NTB: What’s being done with the technology currently? Are you imagining new application scenarios? Are you testing it? What’s the current status of the technology?

Dudley: NASA uses a Technology Readiness Level scale from 0 to 9, where 0 indicates no technological development. The lower numbers are lower technology development levels. Technology Readiness Level 6 or 7 [designates] a fairly mature technology, ready to be handed off completely to industry to use in products and applications as industry sees fit. Technology Readiness Level 9 specifies a technology that is out there and in use. Currently, the SansEC technology and the framework that we’re developing is still a research level effort, and it’s about at a Technology Readiness Level of 3, meaning that we have developed and demonstrated some applications of the SansEC, particularly in our group and our focus on the lightning strike protection, but we are still investigating and studying how to best use and how to continue to develop the SansEC concept.

NTB: What is your specific work with the SansEC sensor? What is a typical day for you as it relates to the technology?

Dudley: A typical day: Our project team will get together, and we’ll discuss and review our milestone goals. We’ll focus on a particular one for that day, week, or sometimes month, and set up the priorities that are necessary to achieve that goal.

For instance, we were studying the SansEC sensor interface to particular composite material structures, and specifically to composite material structures that had seeded faults in them.
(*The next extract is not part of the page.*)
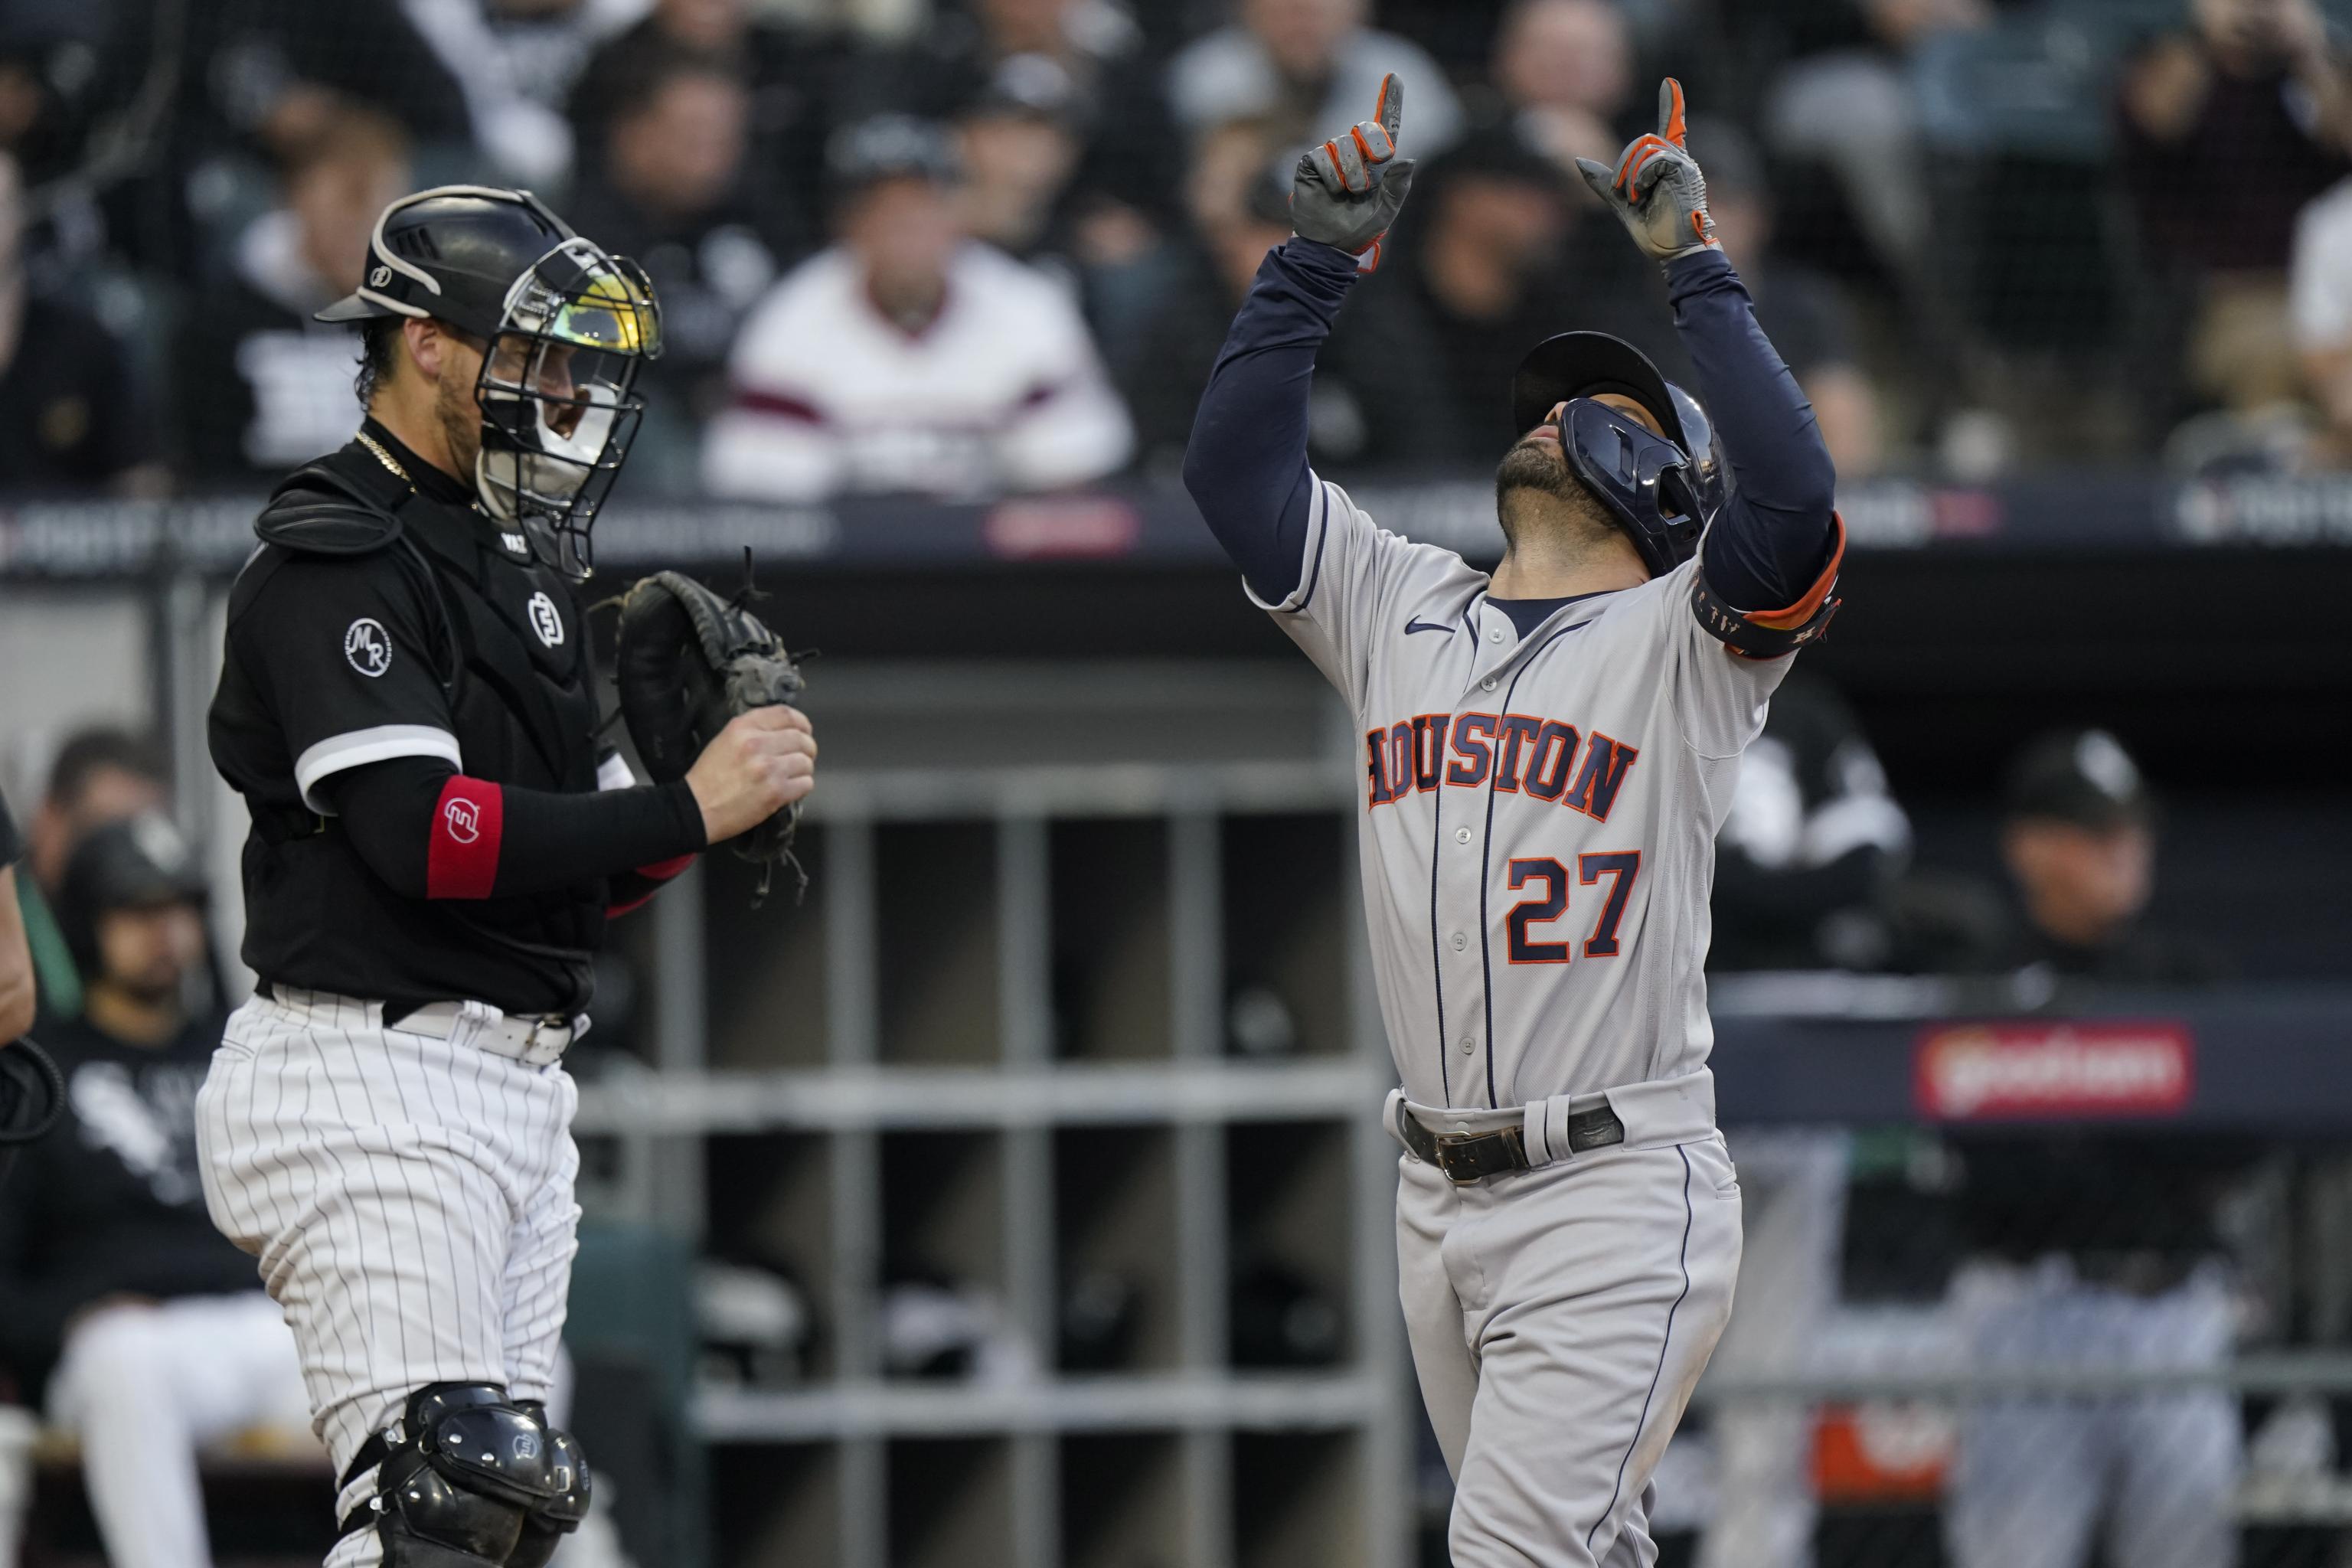 The Astros have become the villains that MLB has been missing

We knew the damage characteristics, such as a delamination at a certain ply depth in a composite material. In this case, we’ll discuss the technical strategy of how we are going to approach the interface problem and the damage detection problem, and then we like to use both experimental methods and computational methods to tackle them. We have a team of users that are skilled in computational electromagnetic models and methods, and we will model up the composite structure and the SansEC sensor and place them in this computational environment, where we can leverage the computational tools by testing many different concepts and solutions in the computational space. We can tweak different parameters, such as the sensor’s geometry or the sensor’s operational frequency or interface structures between the sensor and the composite material itself. As we’re running through these various parameters in the computational space, we can do that much more quickly than actually building up an experiment and iterating several times in a physical experiment.
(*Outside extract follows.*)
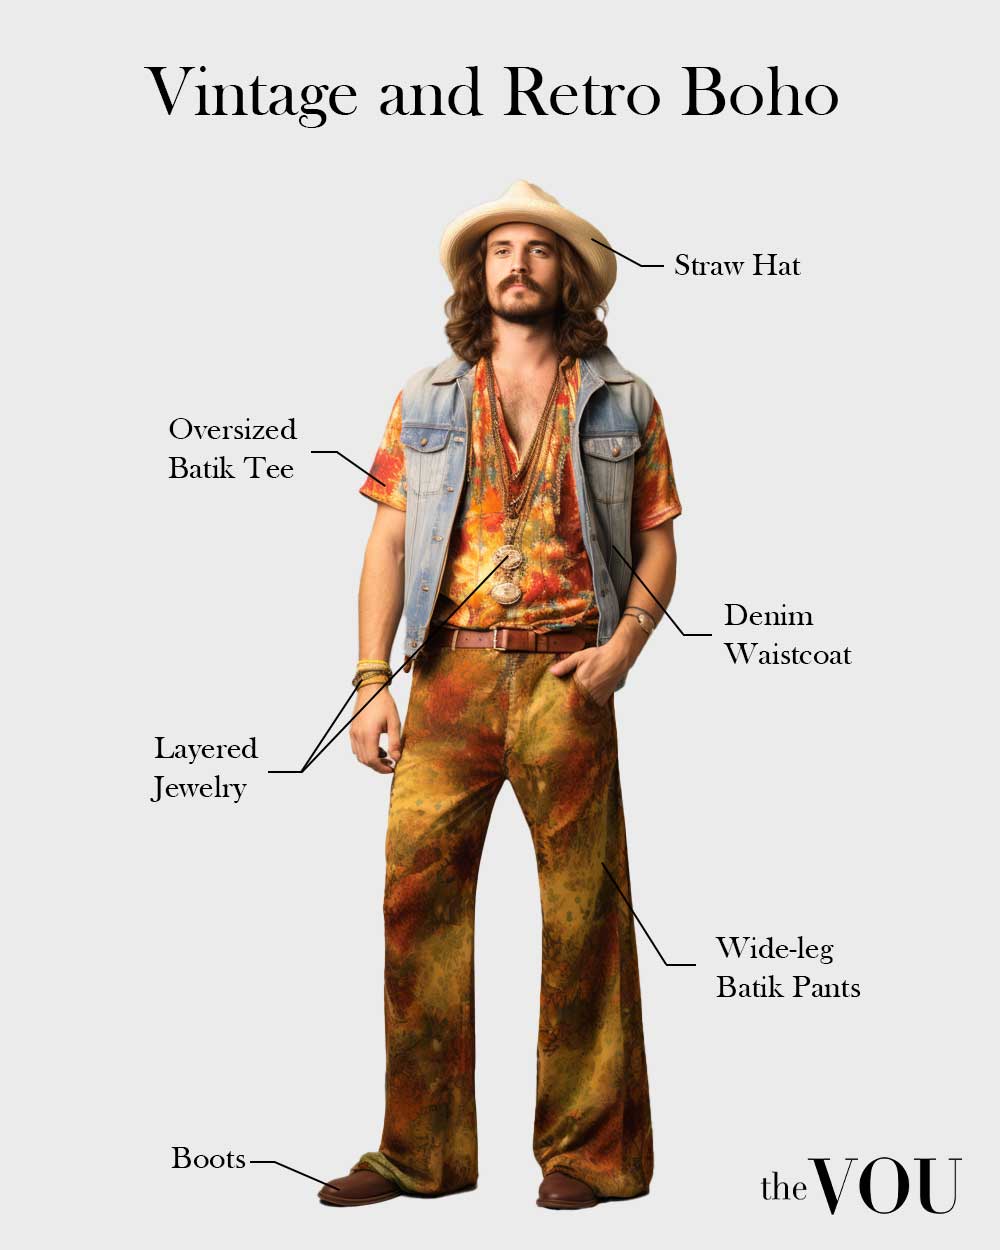 Vintage and Retro Boho outfit for men

Once in the computational space, we zero in on promising solutions. Then we go and cut metal. We go ahead and create the composite panels; cut, design and fabricate the SansEC sensor for that particular solution; and we’ll test it in the lab by actually building it and testing it experimentally, bringing to bear our network analyzers, spectrum analyzers, and experimental hardware to do a comparison between the computational method and our experimental method. In doing so, we use our computational tools to inform how we conduct our experiments, and then we use the results from our experiments to feed back into computational methods to make continuous improvement in how to best deploy and design the SansEC sensor system.

NTB: What are the most exciting possibilities for SansEC?

Dudley: It’d be very exciting if we mature this technology and develop it such that it is an integral part of aerospace systems. It won’t start off on the commercial aircraft or the larger-scale aircraft. It’ll probably start first on the unmanned aerial vehicles, where you need this extension of information or health monitoring of the vehicle by creating a smart skin — very similar to your own skin and muscles, and how a human being is aware of its situational state just by feeling its environment. A mature application of the SansEC sensor into a smart skin of an aircraft system, starting out probably with unmanned aerial vehicle systems, would be very exciting.

Additionally, the application space is wide open. The other part of the excitement is communicating with various companies and individuals who have ideas and perspectives that we as an engineering team, with our particular focus on lightning or the SansEC sensor development itself, may not see fully. The people in different companies and discipline areas will bring forward concepts, ideas, and visions of how to use and deploy the smart sensor in ways that we couldn’t imagine. Working with them and talking with them for their particular application space until we visualize a solution is extremely exciting. We see applications in automotive, medical, or bio-medical, applications in chemistry, applications in other sensor areas, such as the nuclear safety industry. Seeing a number of these application spaces and helping our technology transfer partners realize a solution using SansEC sensors is the second part of that question, of excitement. We’re very excited to see the various application spaces.

NTB: Is there anything you’d like to add?

Dudley: I'd like to say that the SansEC effort is an effort of a team of individuals: George Szatkowski, Laura Smith (one of our outstanding computational magnetics [researchers]), Dr. Chuantong Wang, and Larry Ticatch are part of a team that bring to bear ideas and engineering solutions that made SansEC what it is today.

It was originally the invention idea of a Dr. Stanley Woodard. He unfortunately passed away a few years ago, and I and the rest of the team members are carrying forward his vision of this new technological sensing framework.